Connect with us

Accounting

IRS and Treasury offer guidance on corporate minimum tax

Published

on

The Internal Revenue Service and the Treasury Department issued proposed regulations Thursday offering guidance on the Corporate Alternative Minimum Tax.  

The Inflation Reduction Act created the CAMT, which imposes a 15% minimum tax on the adjusted financial statement income (AFSI) of large corporations for taxable years beginning after Dec. 31, 2022. The CAMT generally applies to large corporations with an average annual AFSI exceeding $1 billion.  

The proposed regulations that came out Thursday include definitions and general rules for determining and identifying AFSI. They also include rules regarding various statutory and regulatory adjustments in determining AFSI; determining if a corporation is subject to the CAMT, including rules for members of a foreign parented multinational group (FPMG) and the determination of the CAMT foreign tax credit. 

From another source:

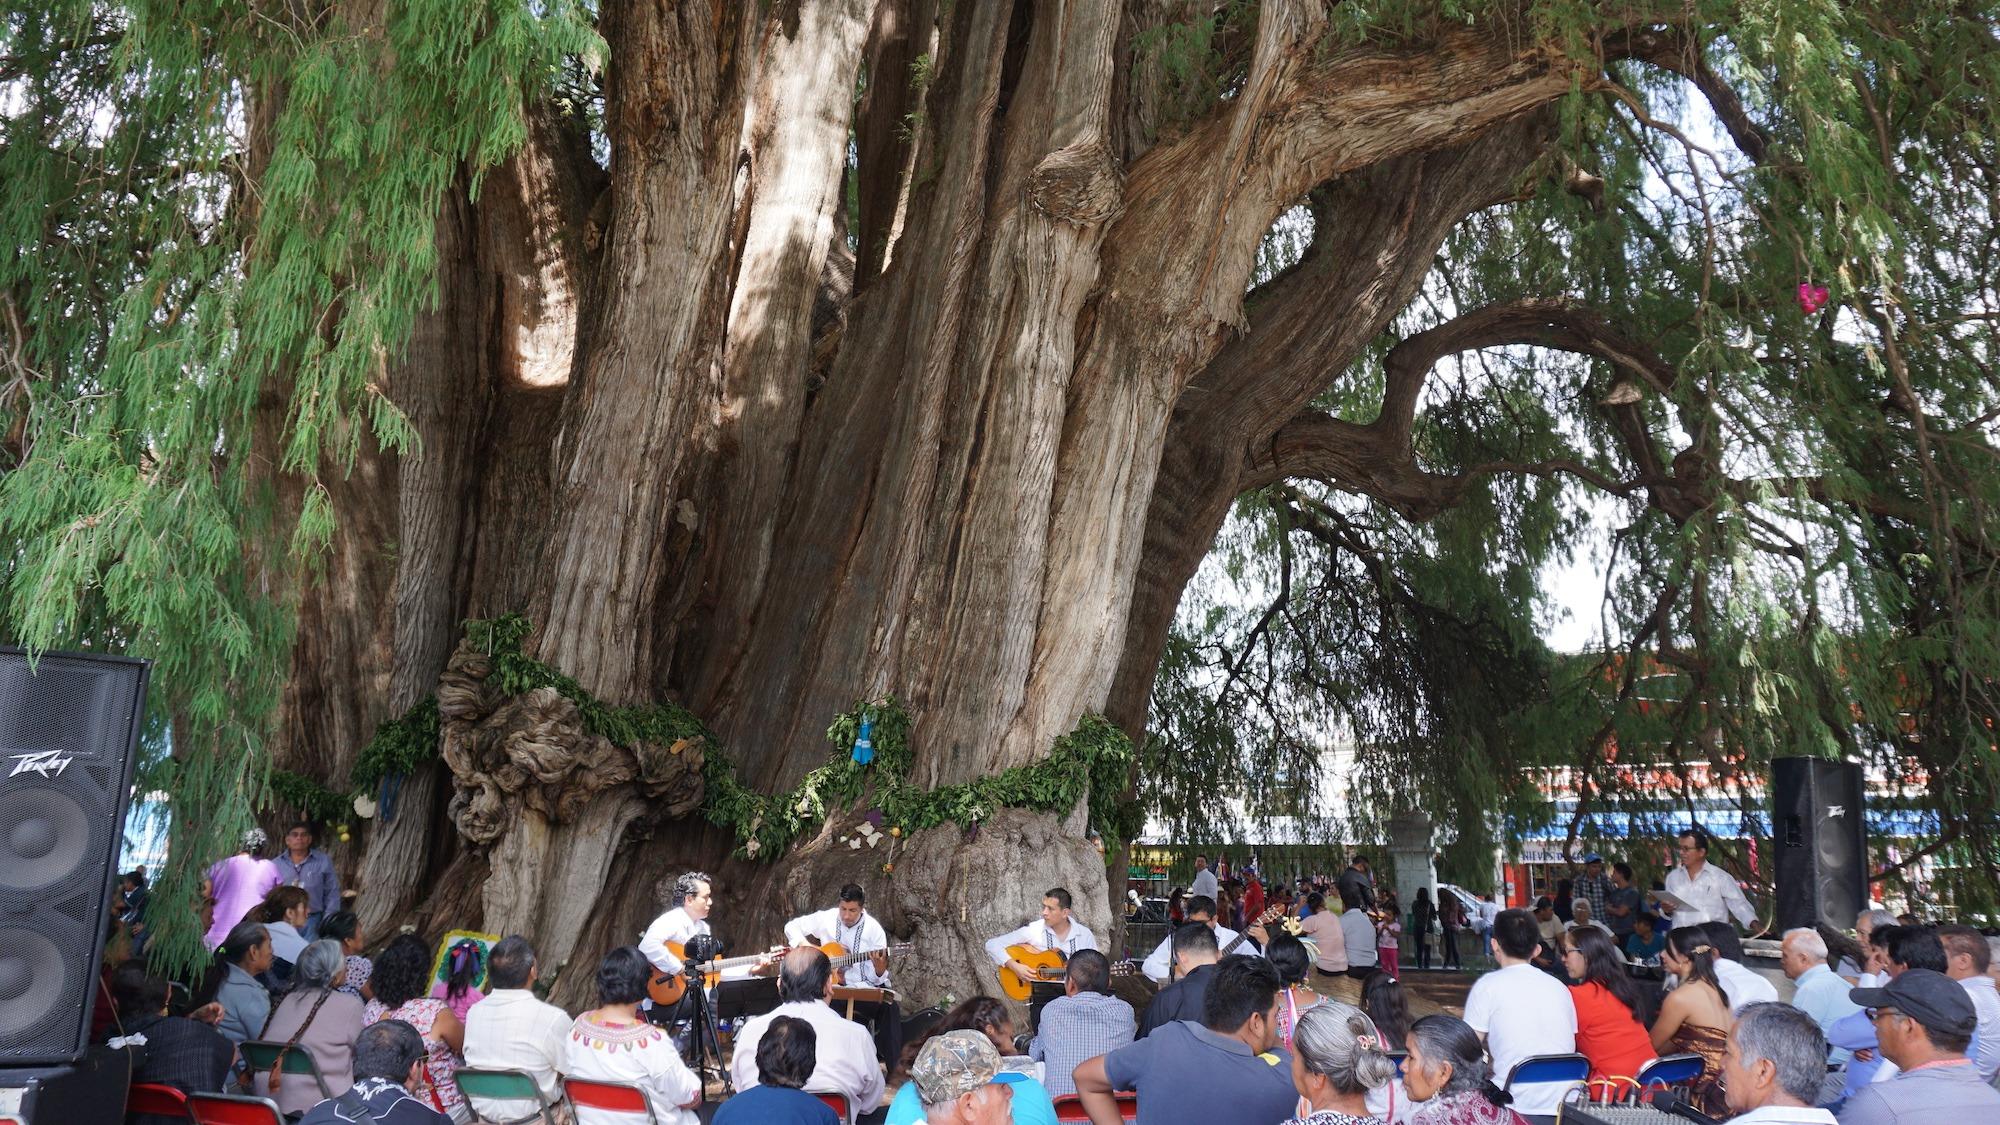 дерево туле мексика

The proposed regulations also deal with the application of the CAMT to affiliated corporations filing a consolidated income tax return. 

irs-building-engraving.jpg
The Internal Revenue Service headquarters in Washington, D.C.

Samuel Corum/Bloomberg

The IRS had previously issued Notice 2023-07, Notice 2023-10, Notice 2023-64 and Notice 2024-10, to provide interim guidance on the CAMT. The proposed regulations issued today include rules incorporating this interim guidance. 

The IRS also issued Notice 2024-66 on Thursday, waiving the penalty for a corporation’s failure to pay estimated tax with respect to its CAMT for a taxable year that begins after Dec. 31, 2023, and before Jan. 1, 2025.

The Treasury estimates that approximately 100 of the largest and most profitable companies will pay the CAMT annually. These corporations would have otherwise paid an average effective federal tax rate of 2.6%. An estimated 60% of CAMT payers would otherwise have paid an effective tax rate of less than 1%, including 25% of payers that would have paid an effective tax rate of zero.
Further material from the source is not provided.